* **RECORDED DATA**:
══════════════════════════════
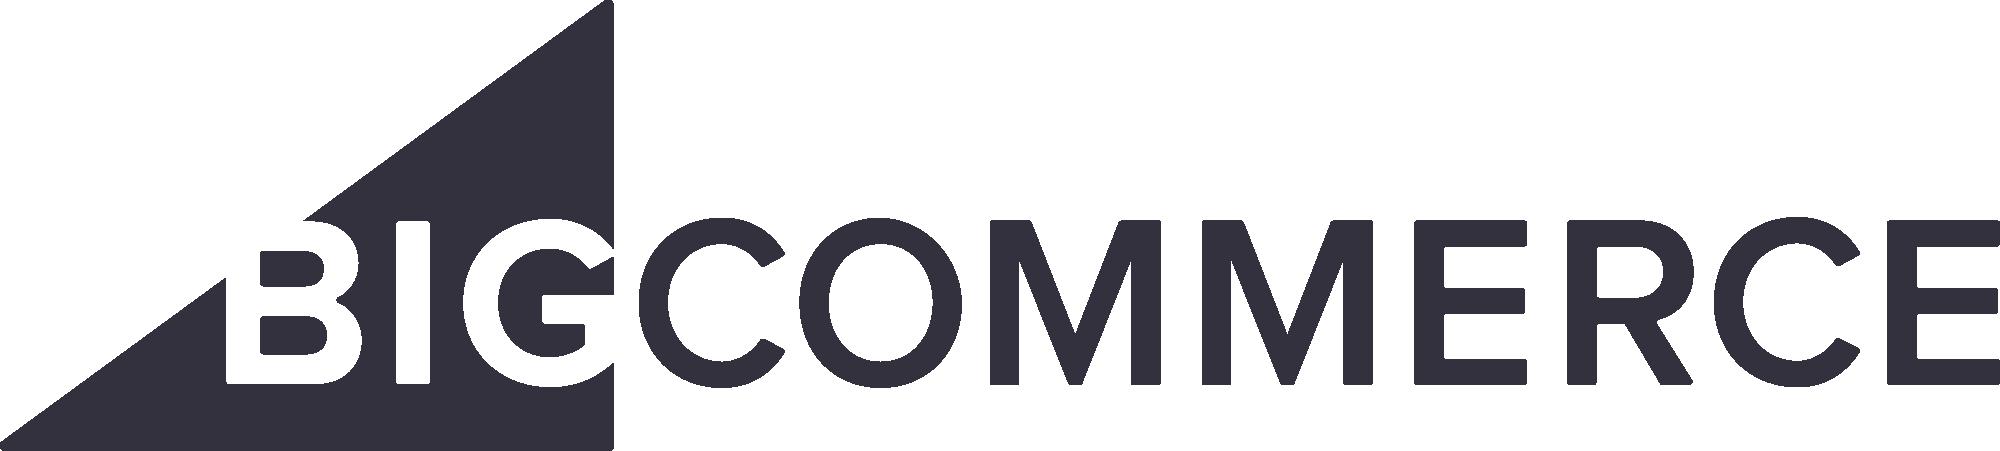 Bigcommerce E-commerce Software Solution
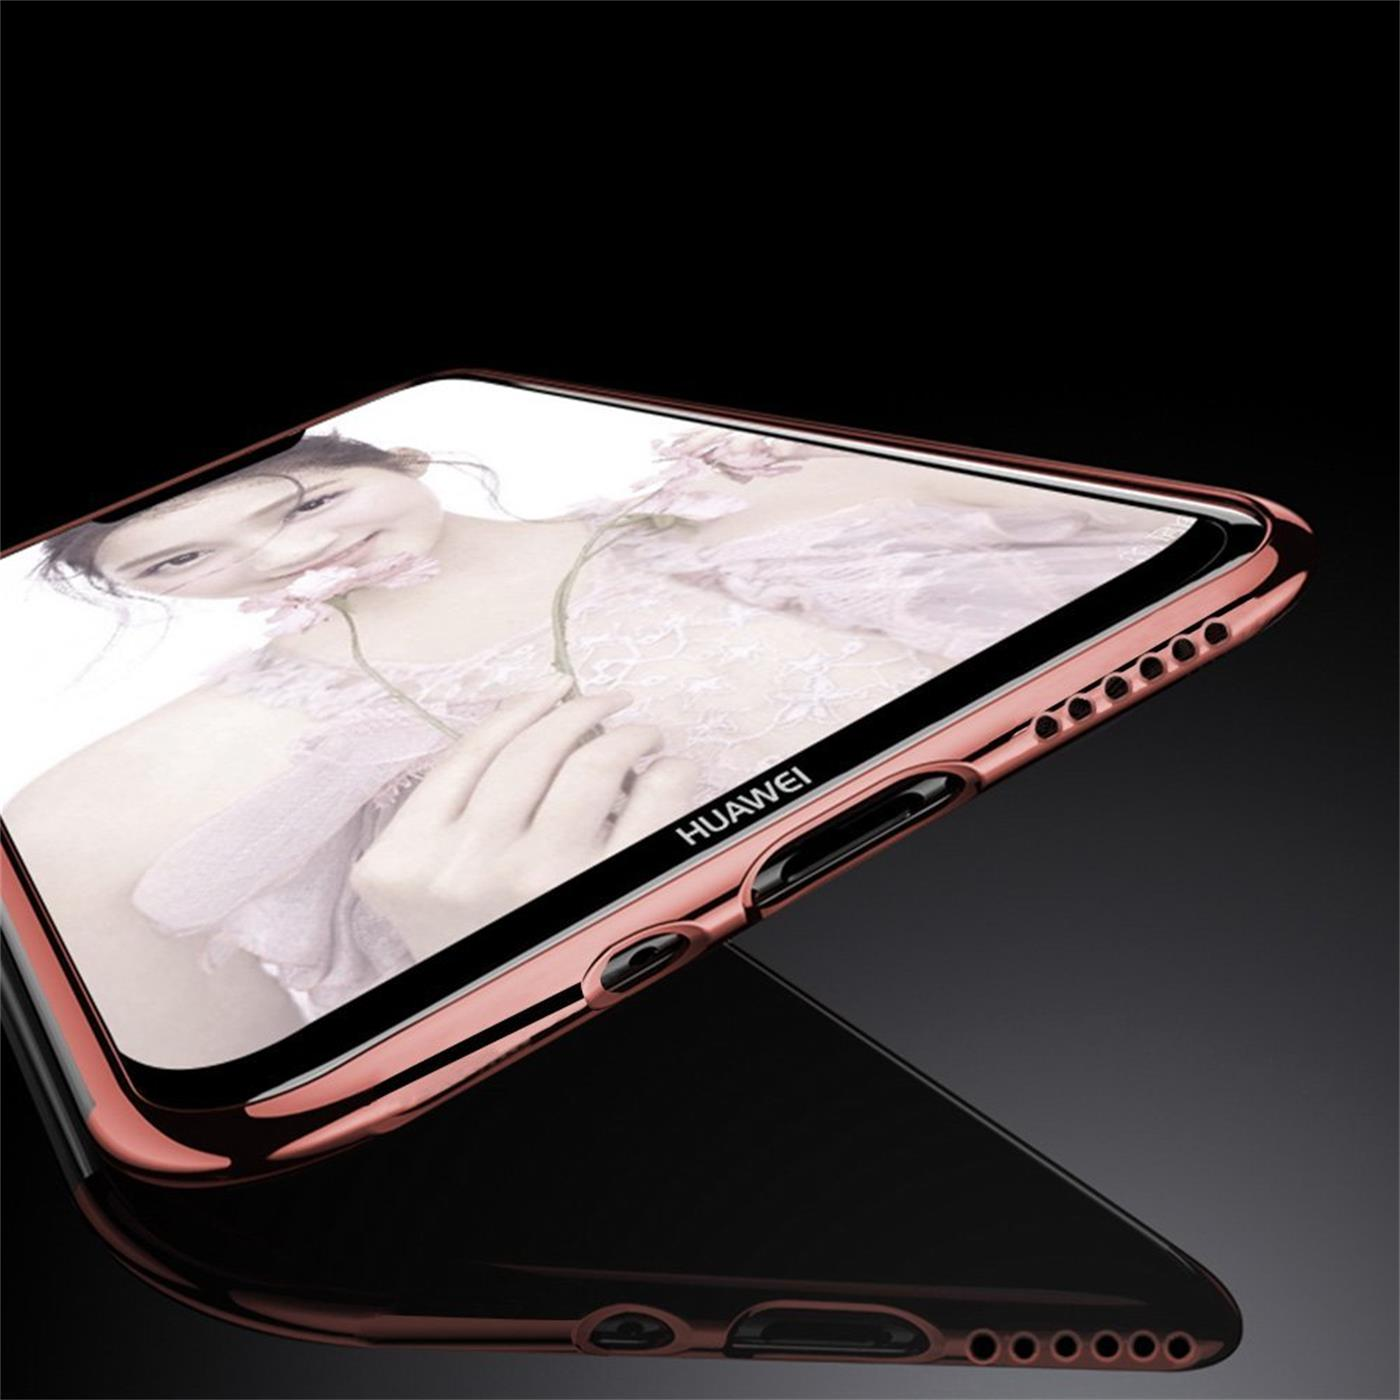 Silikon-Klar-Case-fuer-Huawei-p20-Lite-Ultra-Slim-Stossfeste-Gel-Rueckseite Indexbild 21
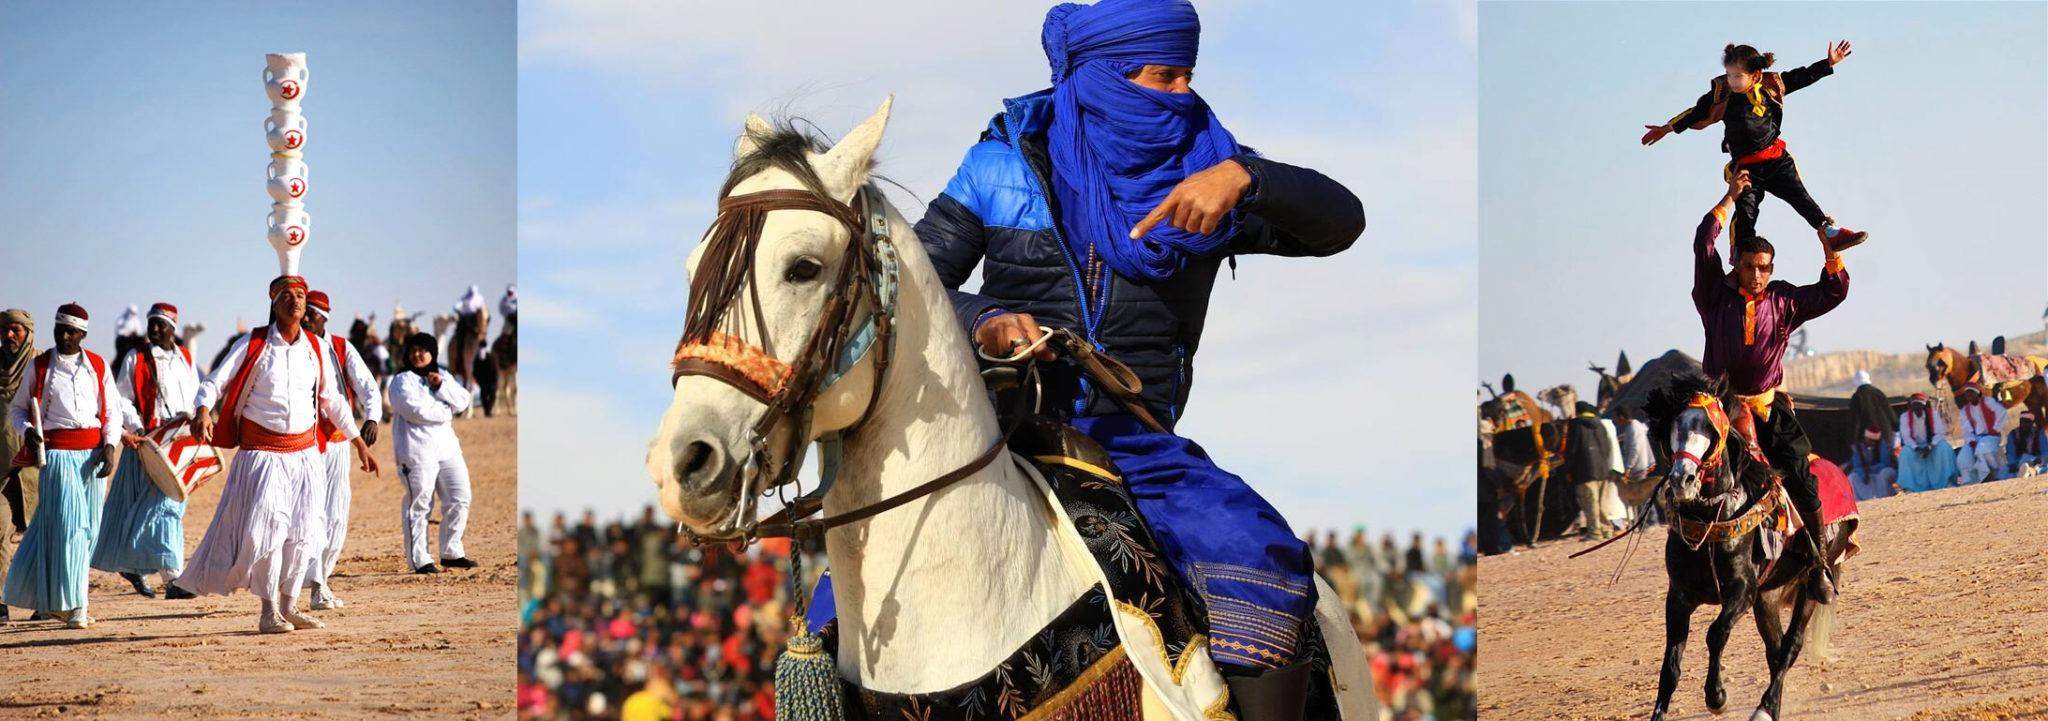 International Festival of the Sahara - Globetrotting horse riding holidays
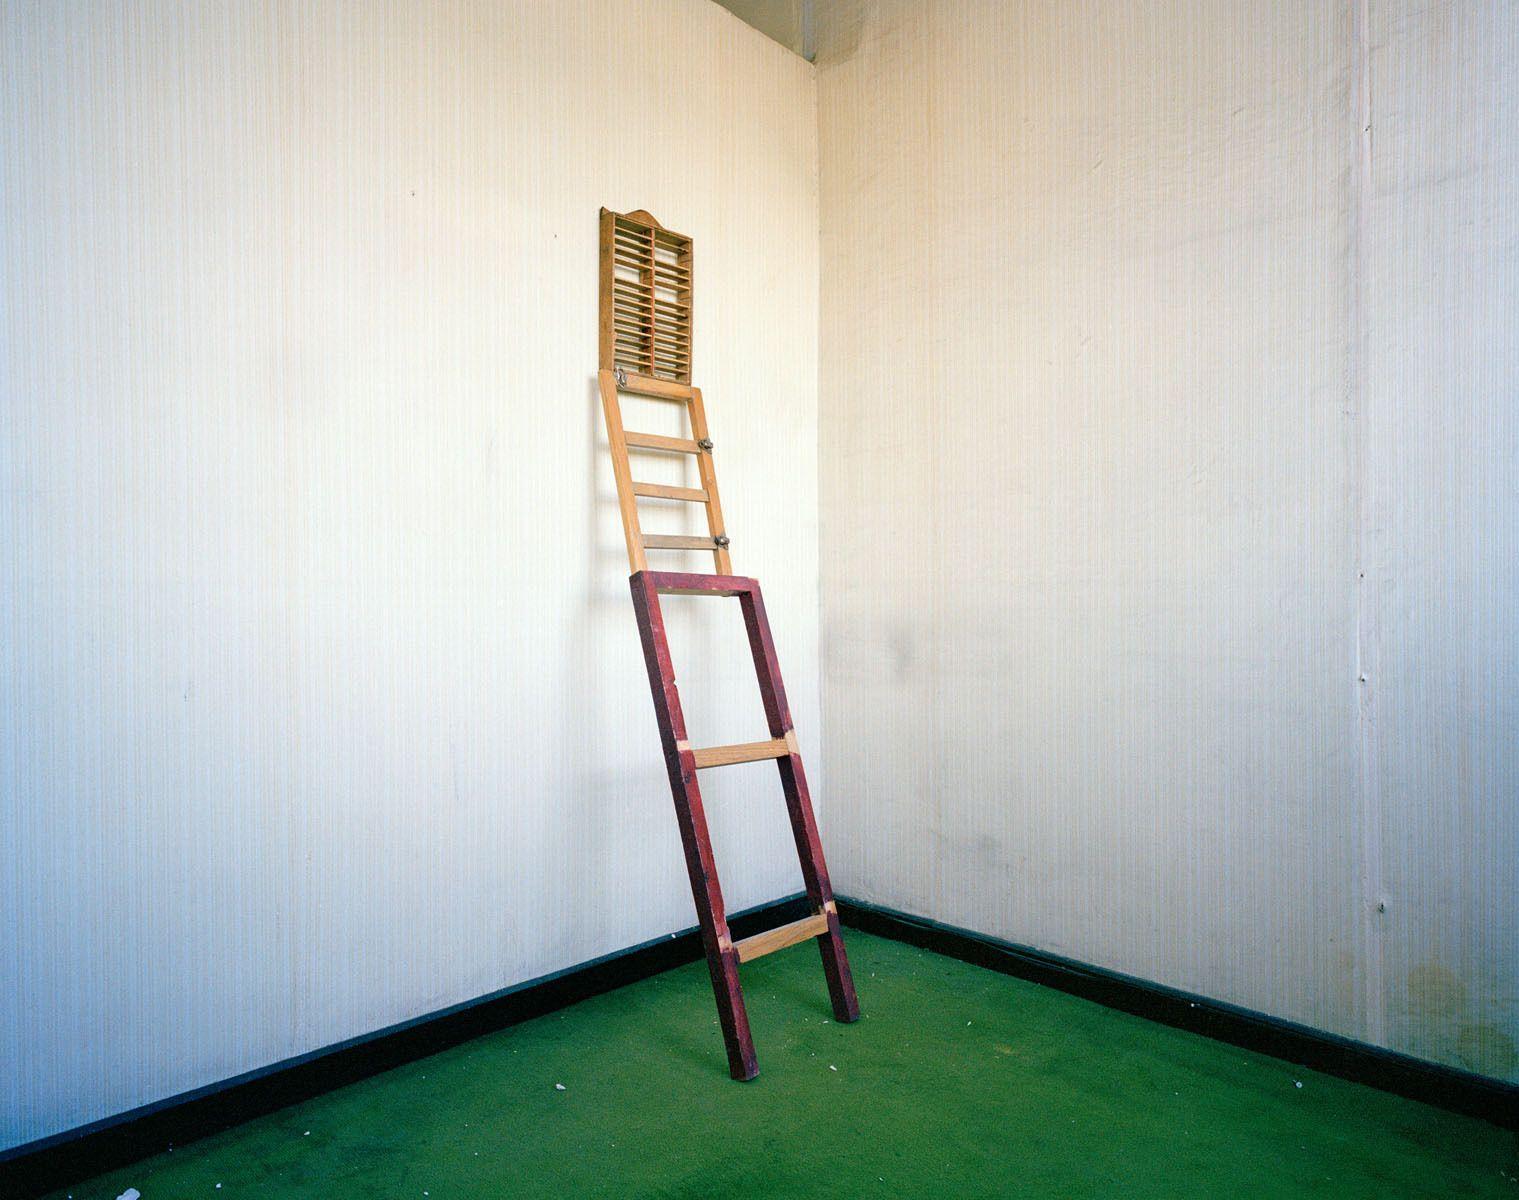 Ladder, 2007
══════════════════════════════
Transcribe the listing in full. Omit the pictures and keep every line exact.

 Bigcommerce E-commerce Software Solution
 Silikon-Klar-Case-fuer-Huawei-p20-Lite-Ultra-Slim-Stossfeste-Gel-Rueckseite Indexbild 21
 International Festival of the Sahara - Globetrotting horse riding holidays
 Ladder, 2007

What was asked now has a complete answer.